This is a fried snack my mom prefers to do for festivals, to pack for my brothers and for me when we leave to our hostels (during college days) and when we go on a long journey in holidays. Also great for an evening snacks. This is my modified version of the recipe whereas my mom soaks and grinds rice freshly in a wet grinder and add dall powder to it.
Ingredients:
Rice flour- 4 cups
Fried gram dall flour/ chutney dall flour – 1 cup
Gram dall- 1 cup
Butter- 2 tbsp (or) Heated and cooled canola oil- 2 tbsp
Dry chillies- 8 no
Garlic – 10 pods
Asfoetida- 1/4 tsp
Cumin seeds- 1 tsp (optional)
Sesame seeds- 1tsp (optional)
Salt – 2 tsp
Oil – sufficient to deep fry
Method:
Soak the gram dall in water for 1/2 hour.
Grind the dry chillies first in a blender. Add peeled garlic pods next and fried gram dall atlast. Measure this flour and for 1 cup of this flour add 4 cups of rice flour. Take them in a large bowl, add salt, asfoetida, cumin seeds, sesame seeds and drained chana/gram dall. Mix the dry ingredients with the butter without any crumbles, and add water slowly . Mix till you can make a ball out of it. The dough will be like chapathi dough except for the elasticity.
Heat the oil in a wide bottom kadai so you get the maximum surface area to do large batches of frying. Also ensure you heat good amount of oil .Whne you take smaller quantity, the oil gets heated up easily and regulating the temperature will be a tedious job by itself.
Back home, my mom gets help from her house maids when one fries and others do the pressing.
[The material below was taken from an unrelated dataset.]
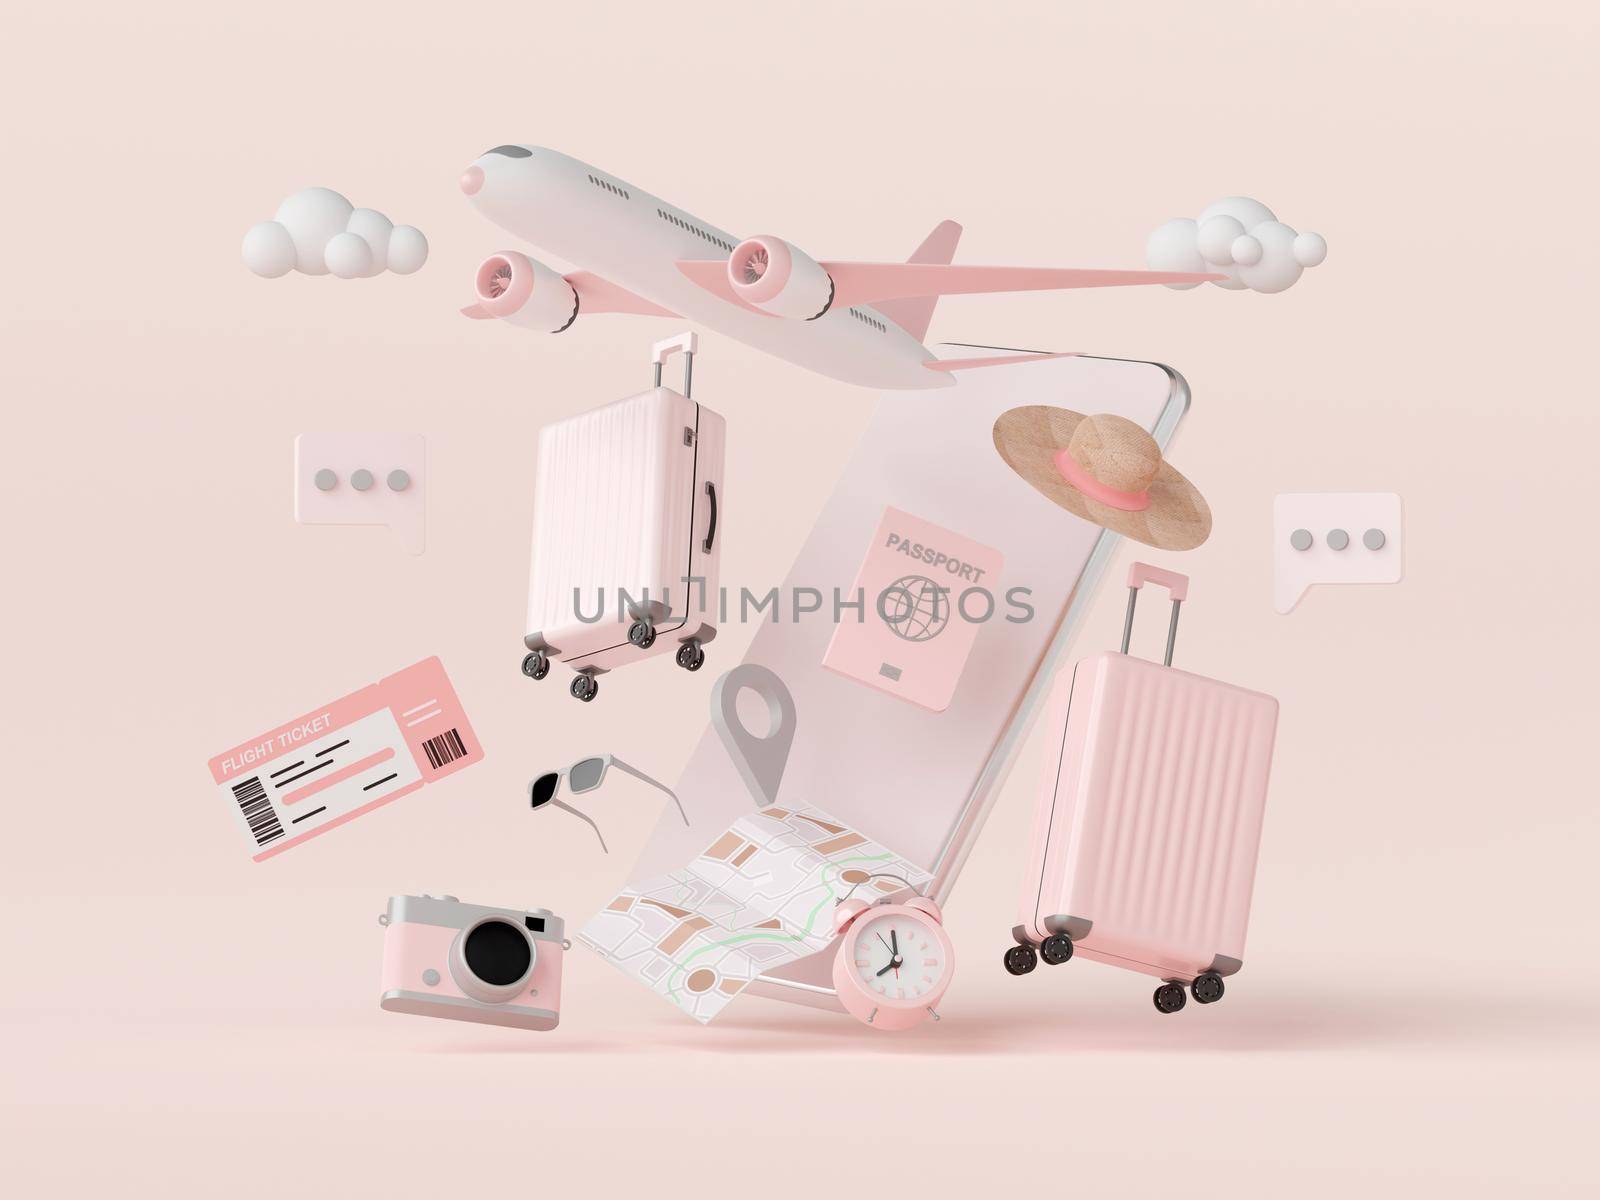 Flight booking, buy ticket or checking application on smartphone, 3d illustration by nutzchotwarut

They spread a Dhoti (veshti) on the floor and take a small ball of the dough and press it on the dhoti by greased hands to get a thin round disc. When a batch is ready , it is fried in oil, on the both sides, till it turns golden yellow color. They are then drained and cooled before packing in air tight containers.
Here in USA, I am a single woman army, so, I go for smaller batches of frying. I have no enough floor space in the kitchen and moreover my kids have no patience in seeing me work on the floor. So, I cut the edges of a few ziploc bags and pressed the dough in between the sheets. Since you do it like a sandwich, the thattais do not dry that fast and you need no oil for your hands.